Drinking water flows through a million miles of pipes throughout the U.S., and according to the American Society of Civil Engineers, a lot of these pipes are near the end of their lifespan.
In November, elevated lead levels were found in Newark, New Jersey, where around 15,000 lead pipes deliver water throughout the city. Chicago, Detroit, Baltimore, Milwaukee, and New York City Public Schools also struggle with lead-laden water. Any level of lead can cause permanent damage in developing children.
Bacteria such as E. coli and Legionella pneumophila (which causes Legionnaires’ disease), as well as parasites, also plague water systems in the U.S.—especially in rural areas.
The president did mention America’s growing drug epidemic: “Tens of thousands of innocent Americans are killed by lethal drugs that cross over our borders and flood into our cities including meth, heroine, cocaine, and fentanyl.” But that’s as far as he went on opioids.

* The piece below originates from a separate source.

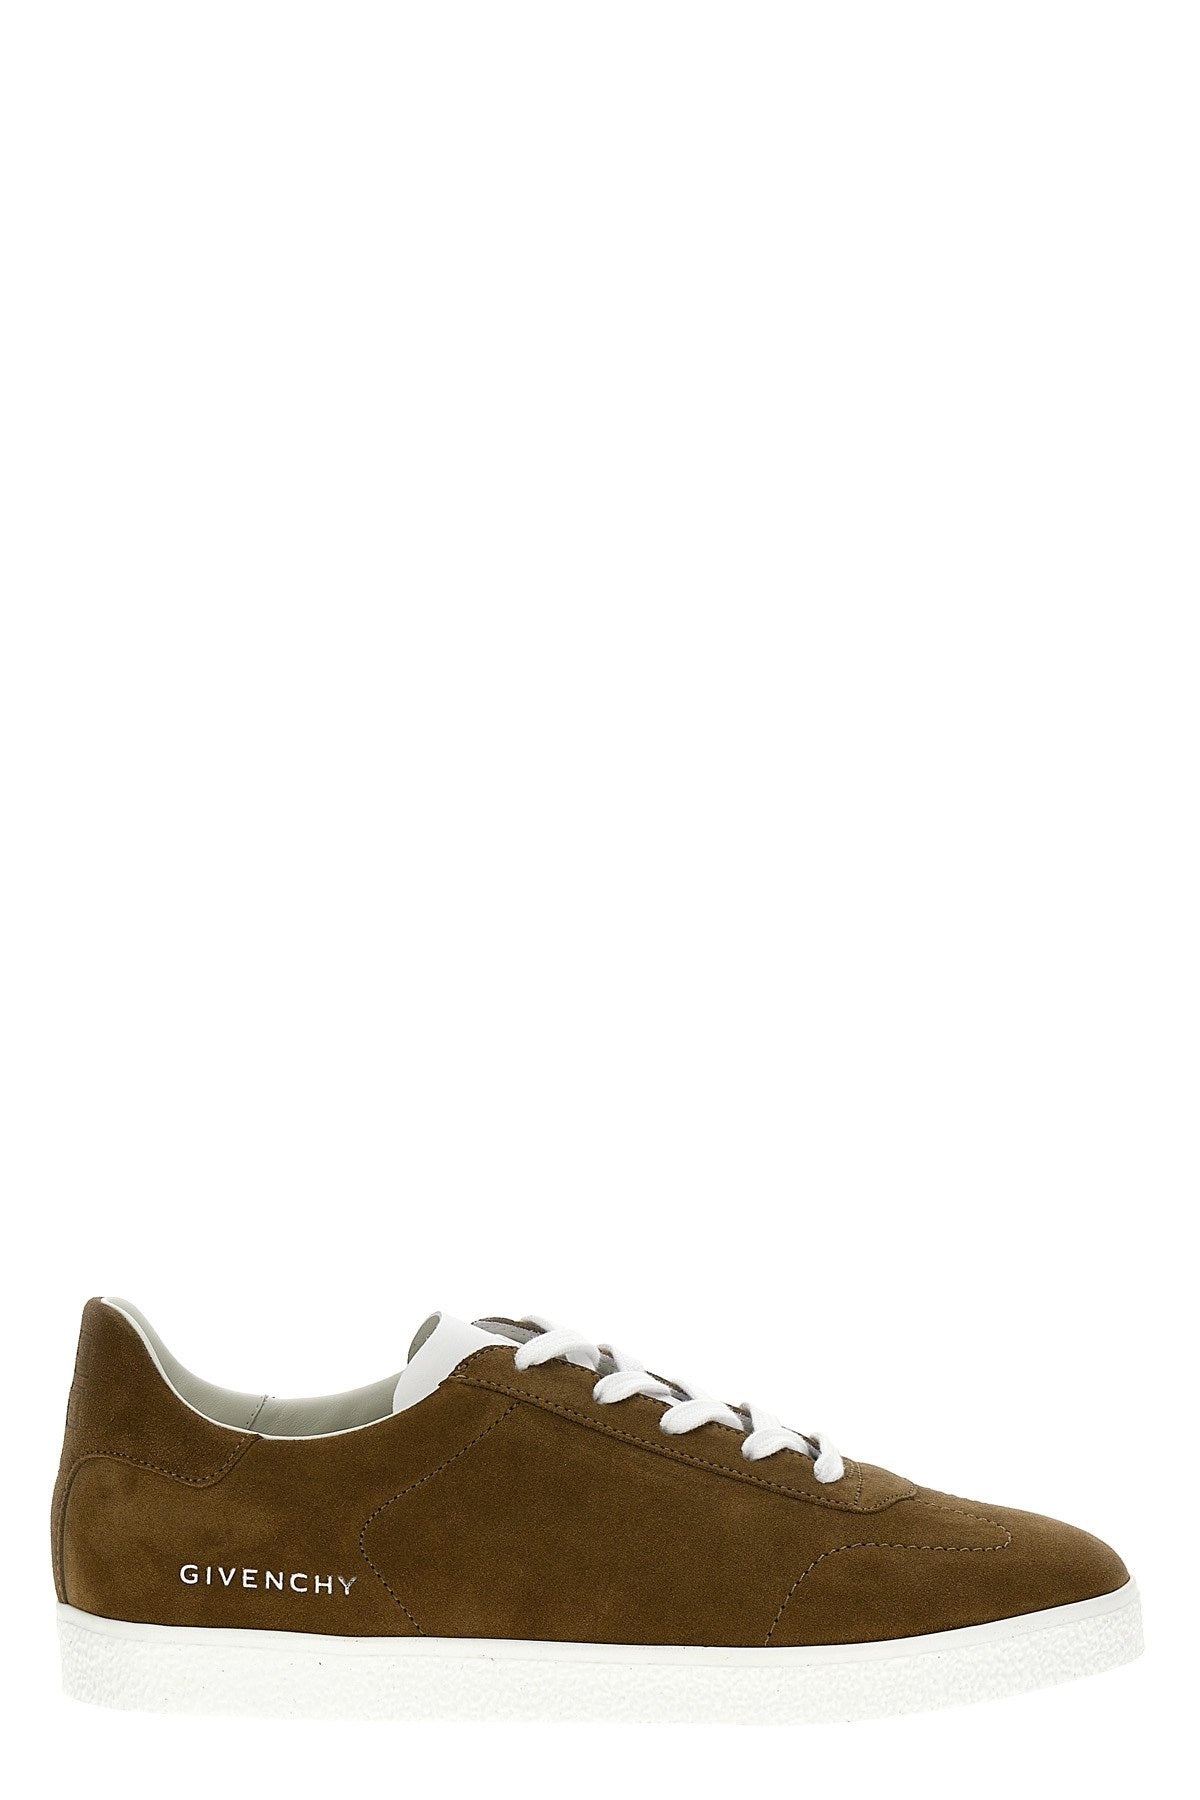 Givenchy Men 'Town' Sneakers - 1

The Centers for Disease Control and Prevention estimates that misuse of prescription opioids alone costs the U.S. $78.5 billion every year. The rate of opioid-related deaths among people in the U.S. was five times higher in 2016 than in 1999, and Americans are now more likely to die due to opioid use than from a car crash. One recent study suggested that for teen users, routine procedures like wisdom tooth extraction could encourage and enable eventual drug abuse.
Massachusetts Attorney General Maura Healey filed a lawsuit last week against Purdue Pharma, the pharmaceutical company behind OxyContin, on behalf of 670 Massachusetts residents who were prescribed the drug became addicted to opioids and died of an overdose.
Purdue Pharma hired a consulting firm to target “high-prescribing doctors” after OxyContin sales took a hit in 2013.